If she was a word she would be mischievous. The most incredible space she has ever photographed is an old cement work she got into. She hates the scream of the seagulls on her roof every morning and, maybe because of these, she loves the endless, light and full possibilities of silence.

Between Silence and White Walls is the name of the photographic series we show you today. “People talk a lot and there is excess noise all around us. I think we are over saturated with the media and there is a lot to be said for self discovery.”
“Silence, like these spaces I take pictures of, leave a gap where as an individual you can make up your mind and fill the silence or space yourself.” If you need a soundtrack while exploring her pictures, turn on the speakers and play “Four Minute Warning” by Radiohead.
She likes photographers like Lynne Cohen –as she find her work beautiful and unsettling– and John Baldessari –for his humour and freeness. She was sixteen when she took the first photo she was proud of. “It was a picture of a friend with an aim to make her look frightening. The black and white image looks like a still from a film noir of a femme fatal dead; I never tires of it.”
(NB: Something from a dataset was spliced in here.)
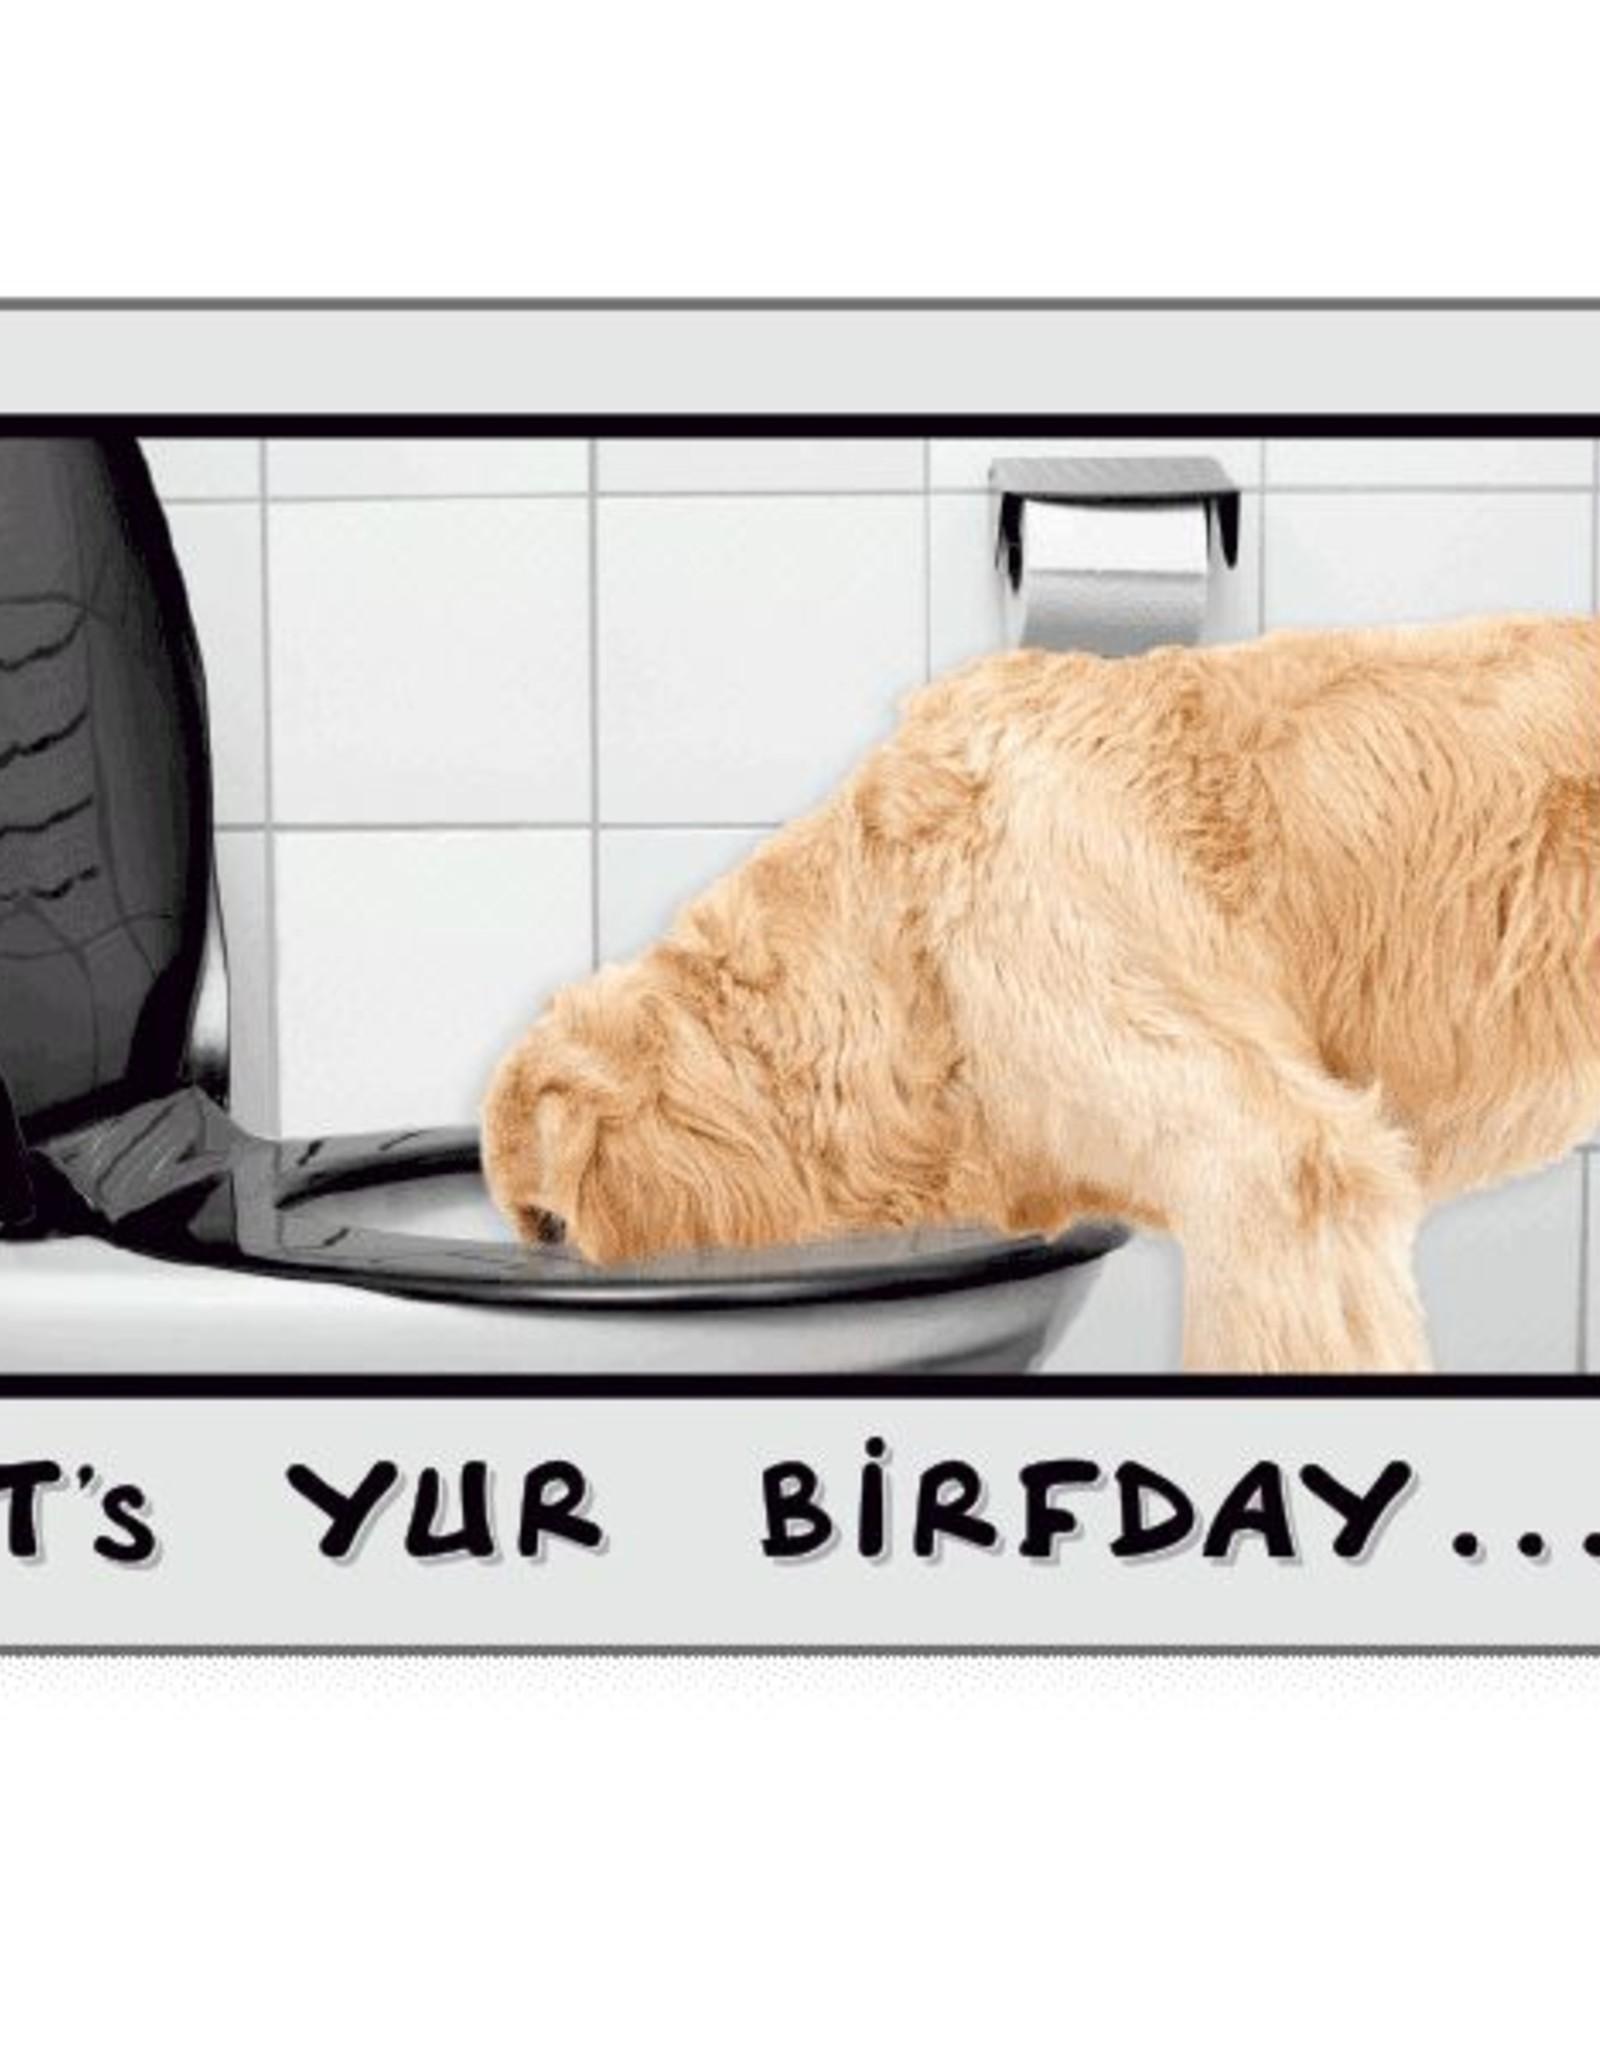 Dog Speak Dog Speak Card - Birthday - Drink Responsizibly
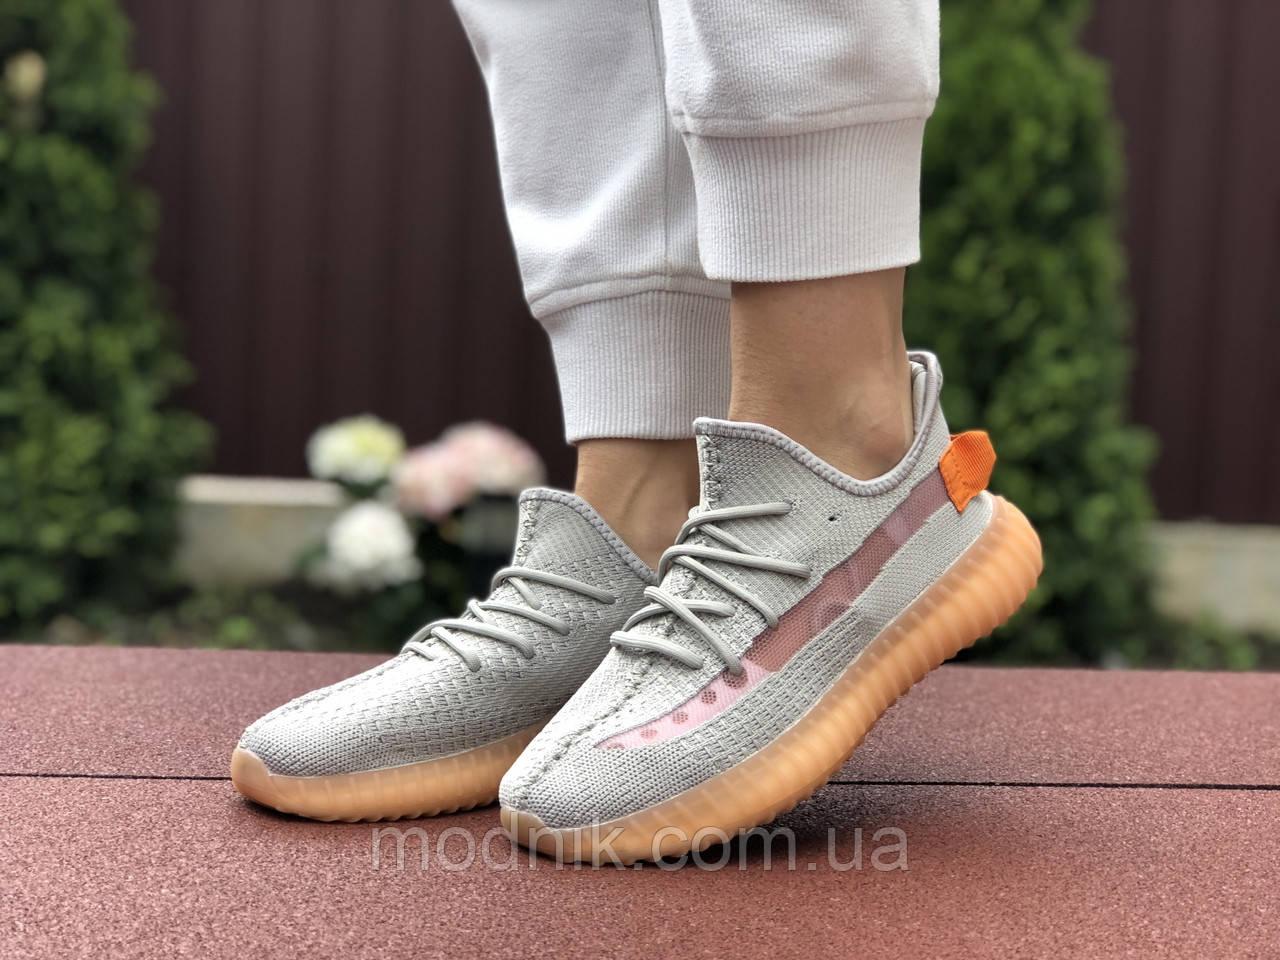 Женские кроссовки Adidas Yeezy Boost 350 (серо-персиковые) - 9423

Now, she is a hunter of the image world –not a farmer–, so she has decided to go fishing with her camera, waiting for an image to catch. “I like the idea of setting some time aside to sit by the sea waiting for something to happen. This is sometimes when the best images occur as if out of nothing, something will evolve over time.”

“My project Photography and the Art of Fishing will be based loosely around Zen and the Art of Motorcycle Maintenance. I would like to add some text perhaps from real fisherman I meet, I have also started writing so this will be an ideal time while I sit and wait for a photograph.”